Leasure becomes chief judge of courts

She is first woman to hold the two administrative posts

January 04, 2002|By Lisa Goldberg | Lisa Goldberg,SUN STAFF

Howard County Circuit Judge Diane O. Leasure will take over the administration of both the Fifth Judicial Circuit and Howard's Circuit Court effective today, making her the first woman to hold either post.

Leasure became the county's first female Circuit Court judge when she was appointed in 1995 and is best known for presiding over the Linda R. Tripp wiretapping case.

She replaces Anne Arundel Judge Clayton Greene Jr. as Fifth Circuit administrator and longtime Howard Judge Raymond J. Kane Jr. as Howard administrator.

Greene was recently named to the Court of Special Appeals.
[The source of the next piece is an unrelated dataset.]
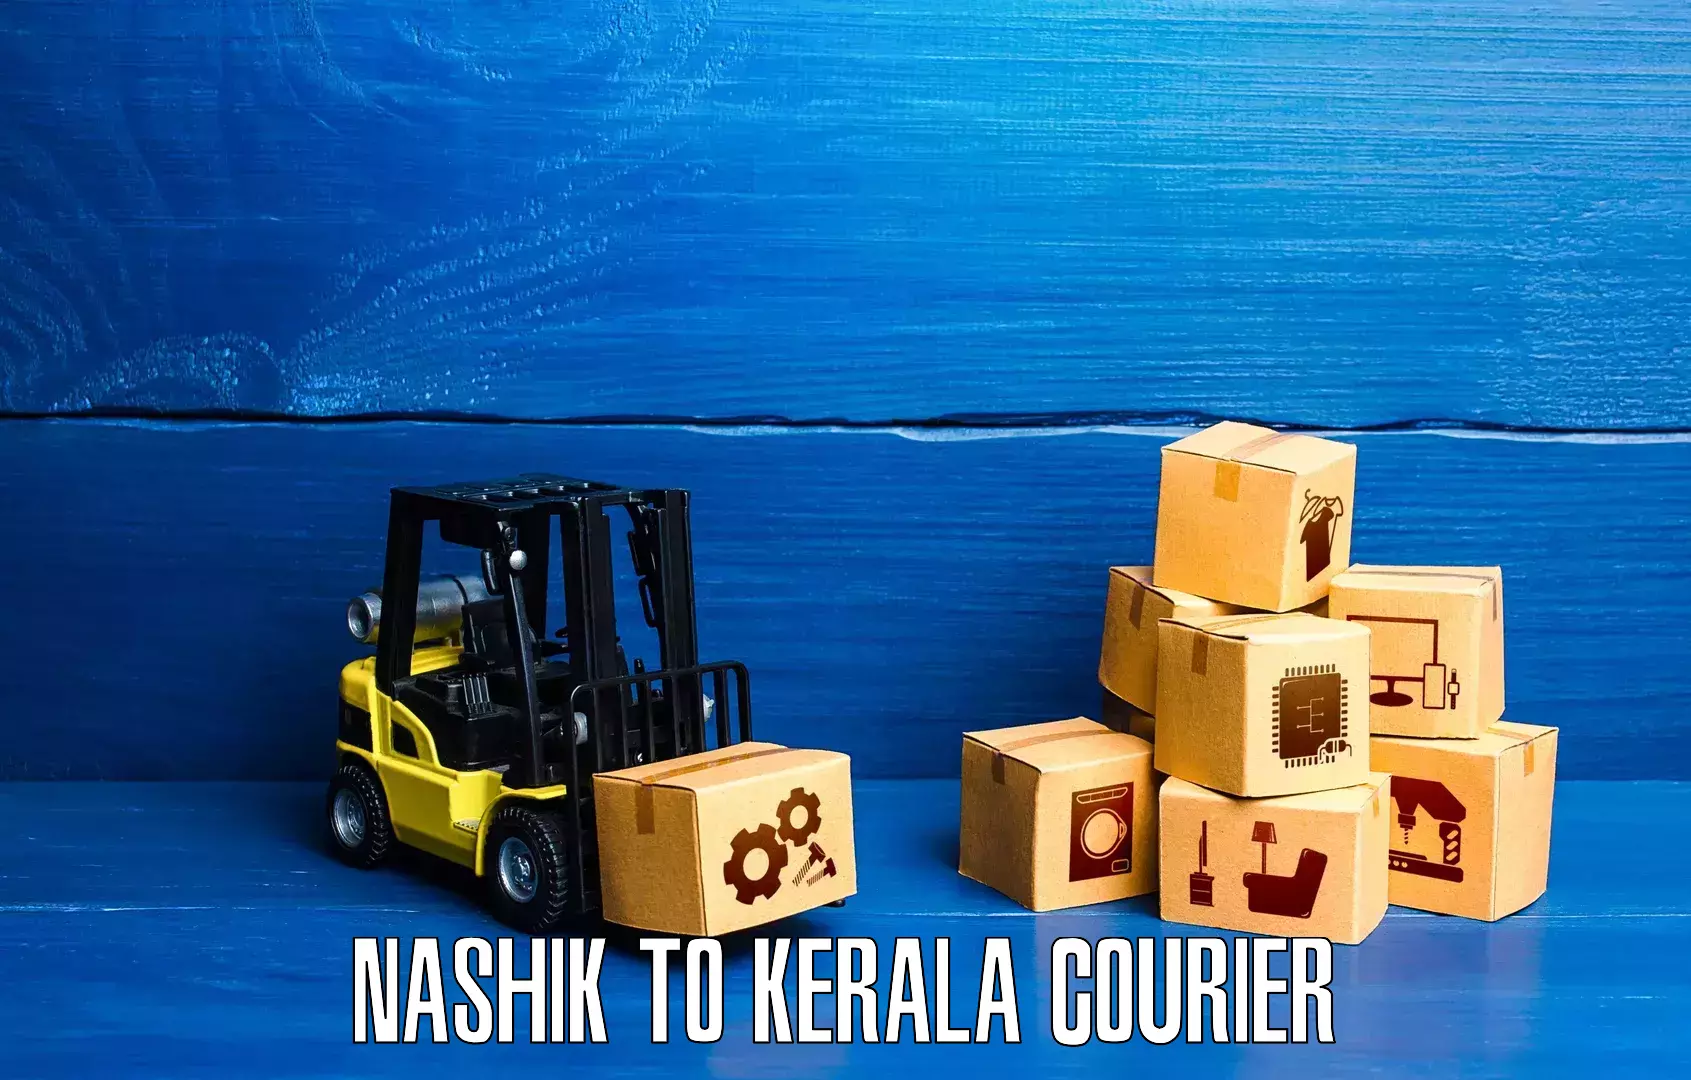 Long distance courier Nashik to Cochin Port Kochi

Kane, who has overseen the Howard court since 1991, agreed to step down effective today in accord with Court of Appeals Chief Judge Robert M. Bell's decision to name just one supervisory judge for each courthouse.
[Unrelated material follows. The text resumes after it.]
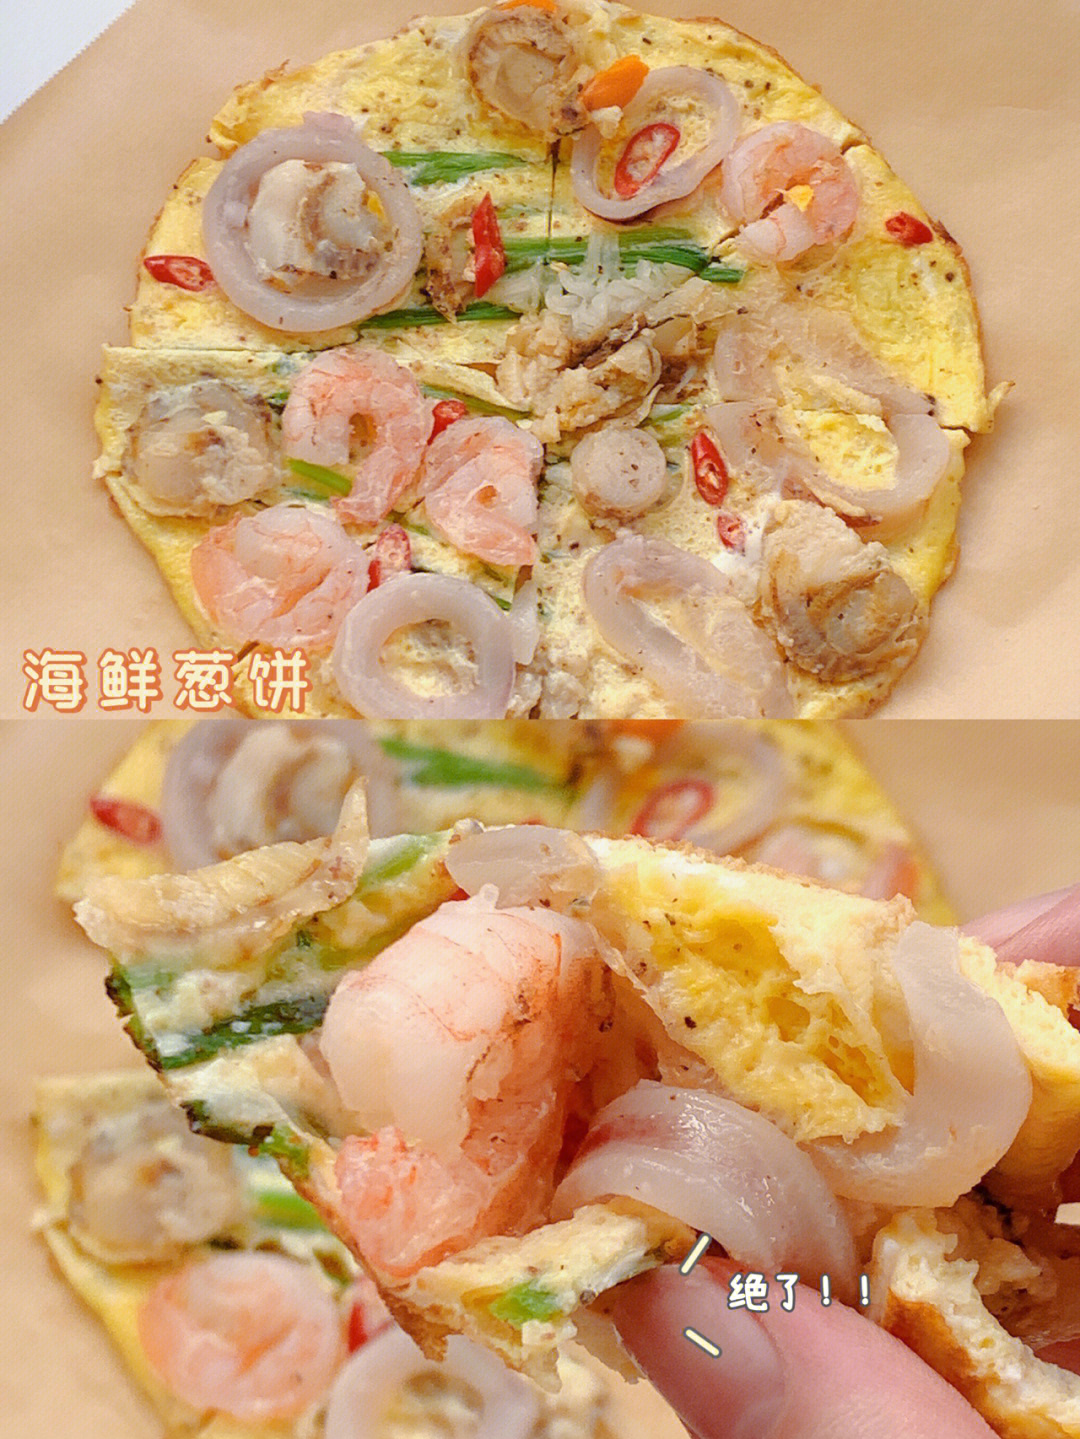 海鲜葱饼蘸料图片

The Fifth Circuit includes Howard, Anne Arundel and Carroll counties.

Kane, a Circuit Court judge since 1982, said yesterday that he had considered giving up his administrative duties for awhile. Leasure's impending appointment provided an "appropriate time" to step back and enjoy just being a judge, he said.

Kane, 63, said Leasure, who graduated from law school the same year he was appointed to the Howard Circuit bench, has his "wholehearted support," and stressed that he has no immediate plans to retire.
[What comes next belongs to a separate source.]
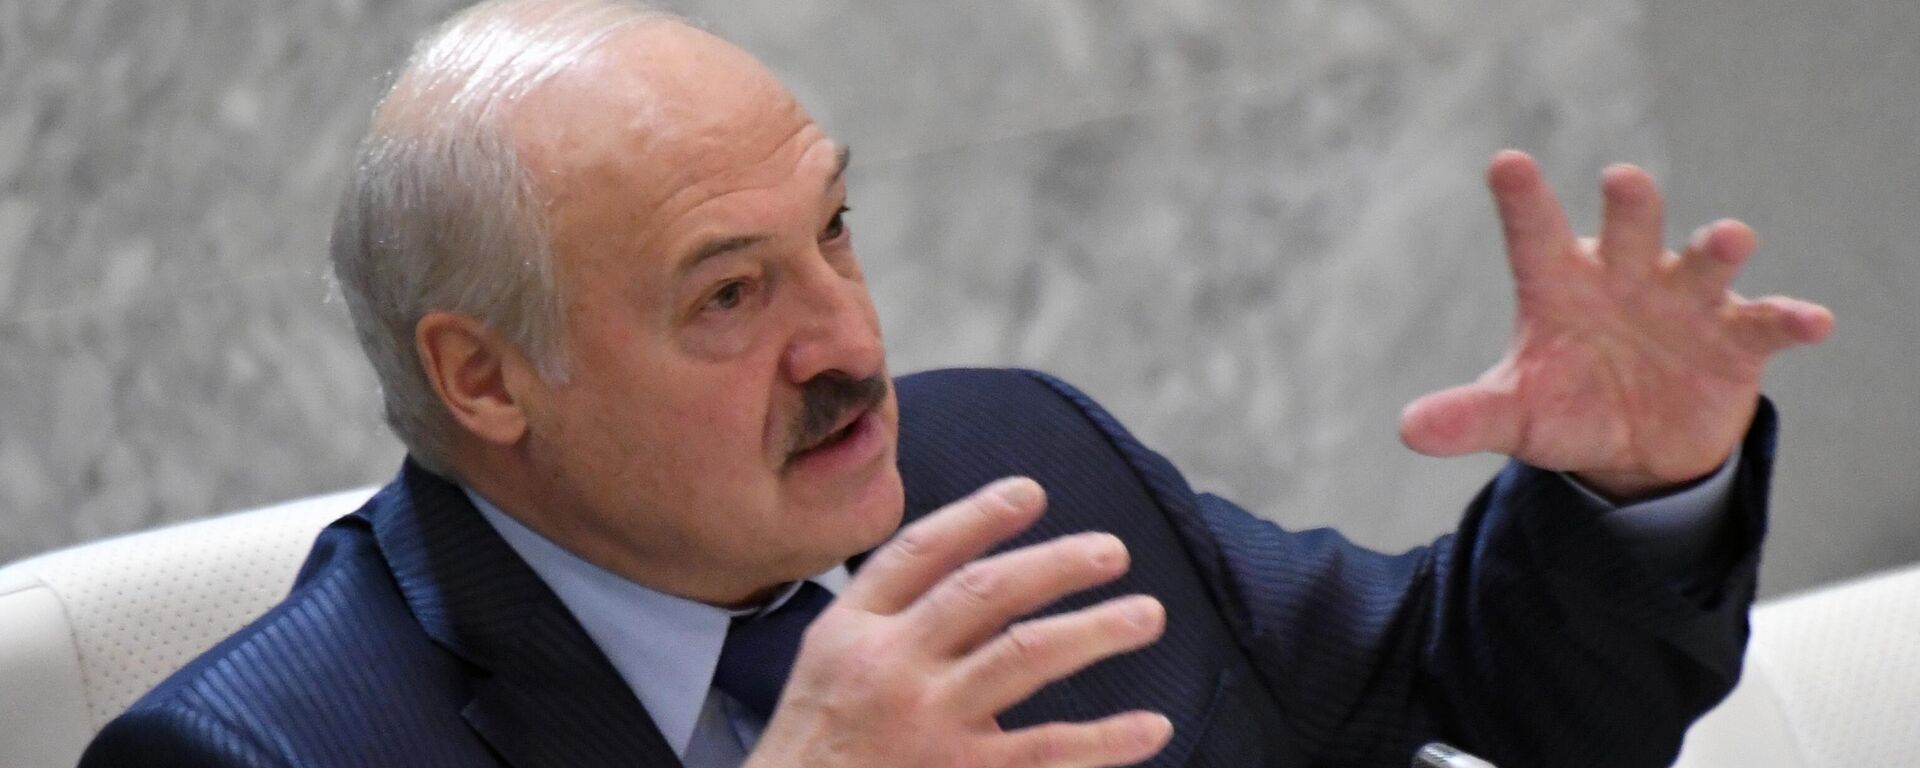 Alexandr Lukashenko, el presidente de Bielorrusia - Sputnik Mundo, 1920, 01.12.2022

"I enjoy what I'm doing," he said. "With no administrative responsibilities, I can focus on being a trial judge."

Leasure, 49, was one of two women appointed to the Howard bench in 1995 amid controversy over the appointment process.

After a bitterly contested election, Leasure retained her seat in 1996. The other woman, Donna Hill Staton -- the court's first black judge -- was defeated by Judge Lenore R. Gelfman.

Leasure, who spent 13 years in private practice before her appointment to the bench, has gained a reputation over the past six years as being fair, compassionate and open-minded.

"She is known for being hard-working ... very intelligent and a very tactful person," said Howard Deputy State's Attorney I. Matthew Campbell.

In 1999, Leasure was asked to preside over the state's prosecution of Tripp, who was charged with violating the state's wire-tapping law when she tape recorded her conversations with White House intern Monica Lewinsky.

Leasure's key ruling -- that Lewinsky's testimony in the case must be limited because of Tripp's federal immunity -- led prosecutors to drop the charges in May 2000.

Yesterday, Leasure, who is involved with numerous law-related committees and organizations in Howard County and the state, called her appointment to the administrative posts an honor and a "new challenge."

"It's really overwhelming, but I'm very excited," she said.

Kane and Greene have been excellent administrators, she added. "I have enormously large shoes to fill."